The Language of Madness: Understanding Terminology

The timeline for this project is 1870-1940 and the bulk of the research focuses on the 19th century, specifically the Victorian period. The terminology used to describe people with mental illness and mental disabilities is historically accurate, but is rarely used in medical diagnosis or considered socially acceptable in the present time.

In the 19th century, psychiatric medicine was only beginning to be recognized as a legitimate medical field. There was very little scientific understanding of mental illness, so physicians often relied upon accepted social conclusions to explain mental illness. Heredity, environment, gender, class, and 'sinful' behavior were commonly identified as causes of mental illness. Classification of insanity, treatment methods, and asylum design were based on these same principles. Physicians believed that they could cure patients if they could alter the physical environment by removing a patient from the city, or by stopping a then unacceptable behavior such as masturbation, or by surgically removing parts of the body or brain. Conversely, physicians understood that patients suffering from mental illness deemed hereditary could not be cured because their condition was inherited rather than acquired.

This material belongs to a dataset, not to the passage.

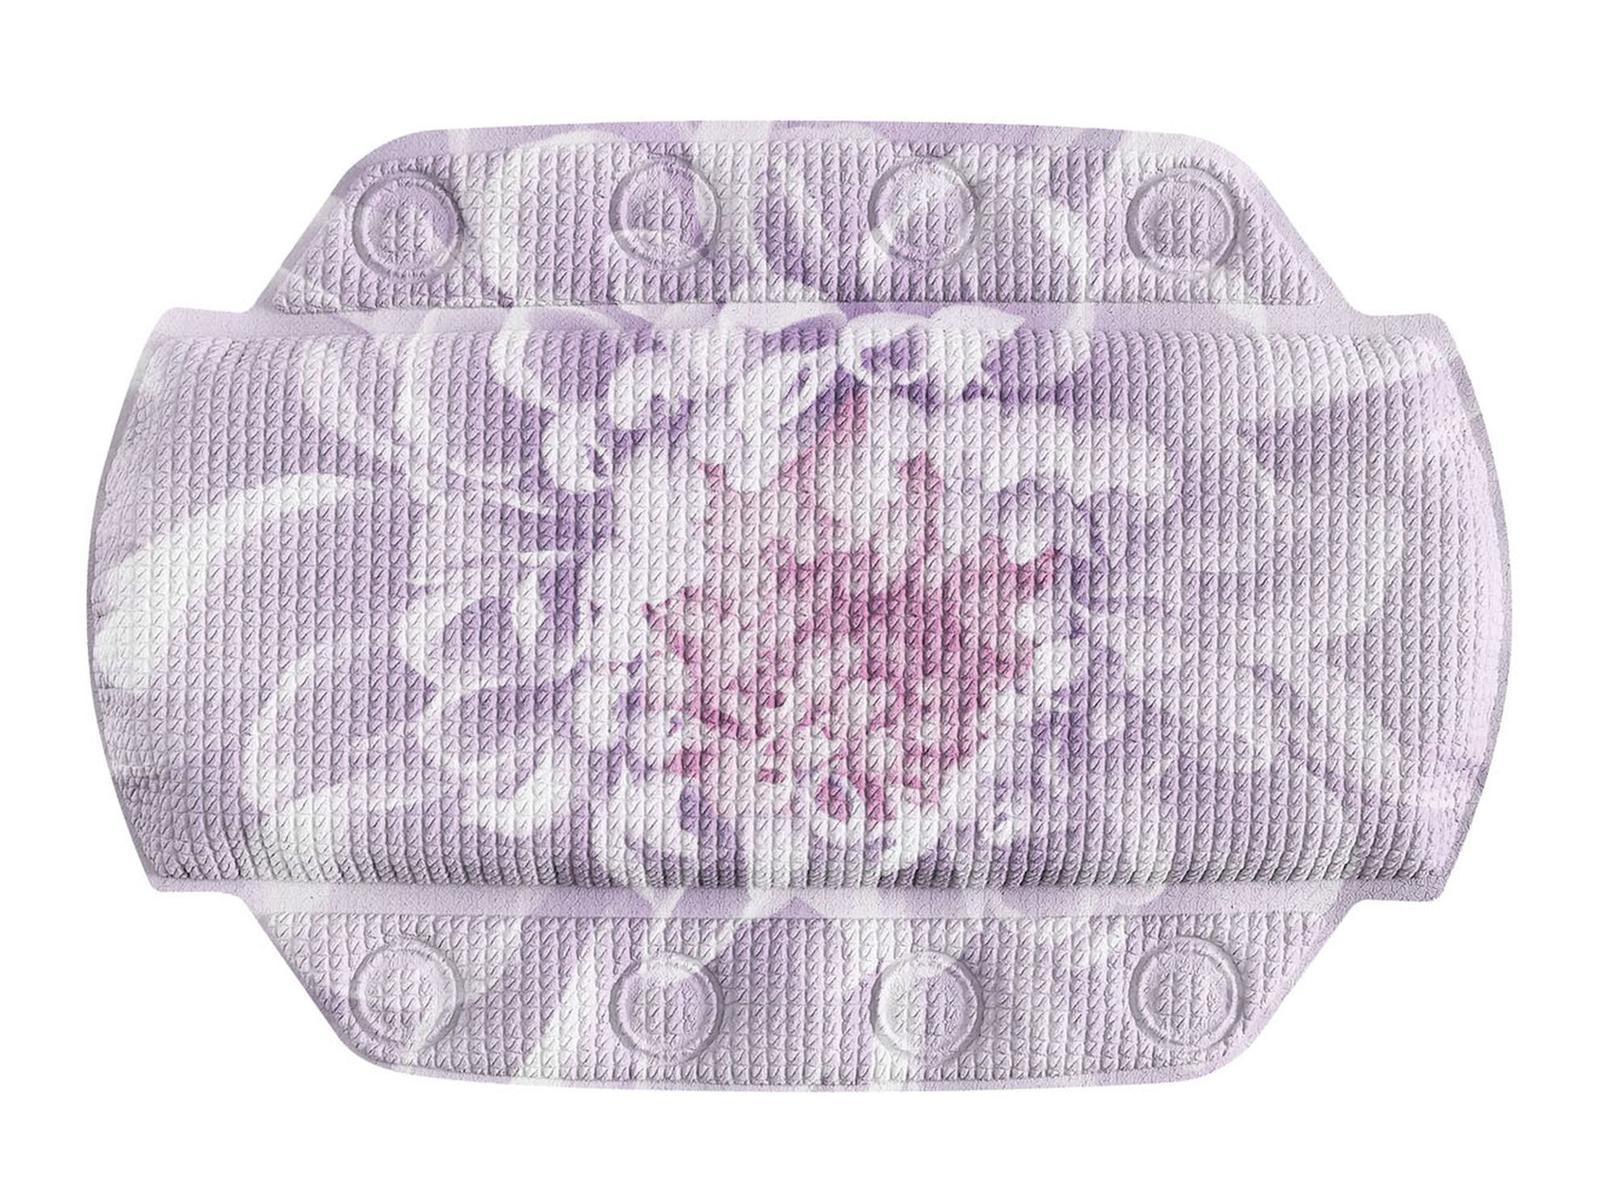 Zagłówek nawannowy 32x22 cm lavender fioletowy Kleine Wolke Dahlia do łazienki  nr. 1
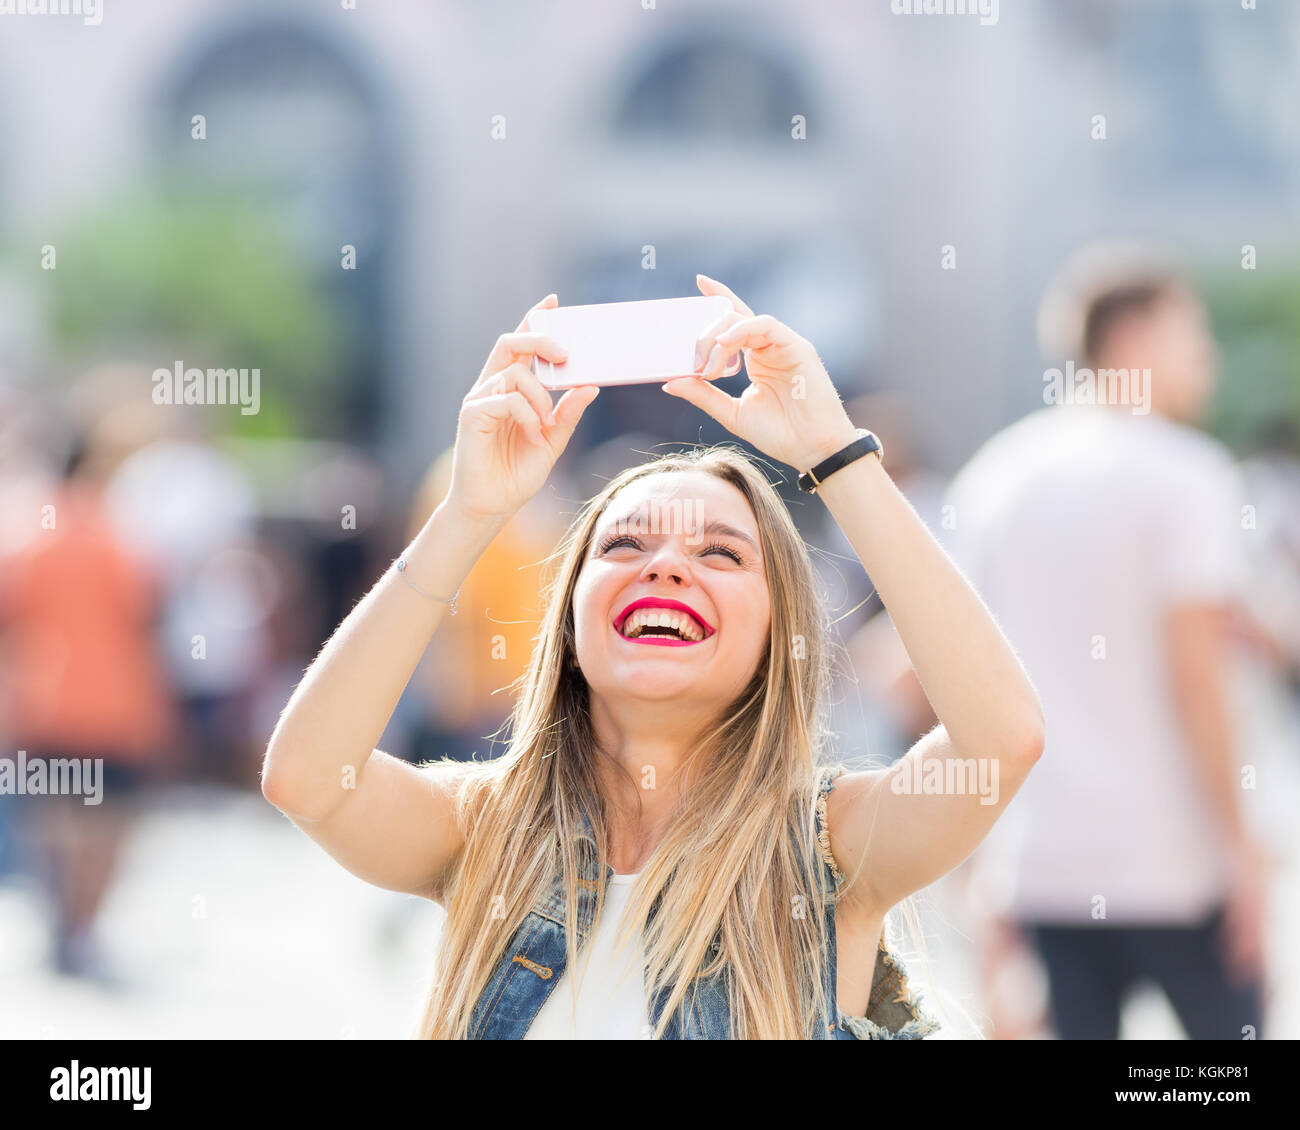 Jolie adolescente touristiques prenant une photo avec son téléphone portable Banque D'Images

Much of the terminology from the 19th century focused on sensationalism and was very label driven. In a time when medical science could not fully explain the workings of the mind, society relied upon external factors to justify the unknown. This led, for example, to the continued use of the term lunatic through the 19th century, which was originally derived from the belief that the influence of the moon could drive people to insanity. Similarly, the term insane branded all patients living in insane asylums, including those with non-psychiatric conditions such as learning disabilities, Downs Syndrome, and old age. The blanket use of this term indicates that medicine had advanced enough to understand that mental illness and disabilities could originate in the brain, but had not yet identified the scientific origins of specific conditions. In the context of the time in which they were used, many of these words were not intended to be derogatory. As it was understood in the 19th century, they were simply the most commonly accepted words to describe mental illness.

As approaches to mental health care evolved through the 20th century, the language changed to reflect a more compassion-based treatment philosophy. While terms such as lunatic and idiot are used within this website, they have been used solely to ensure historical accuracy. The evolution of terminology is further evidenced by the numerous name changes experienced by mental health care institutions. Originally deemed madhouses, they evolved to be lunatic asylums, insane asylums, and mental hospitals, to the presently acceptable mental health care facility.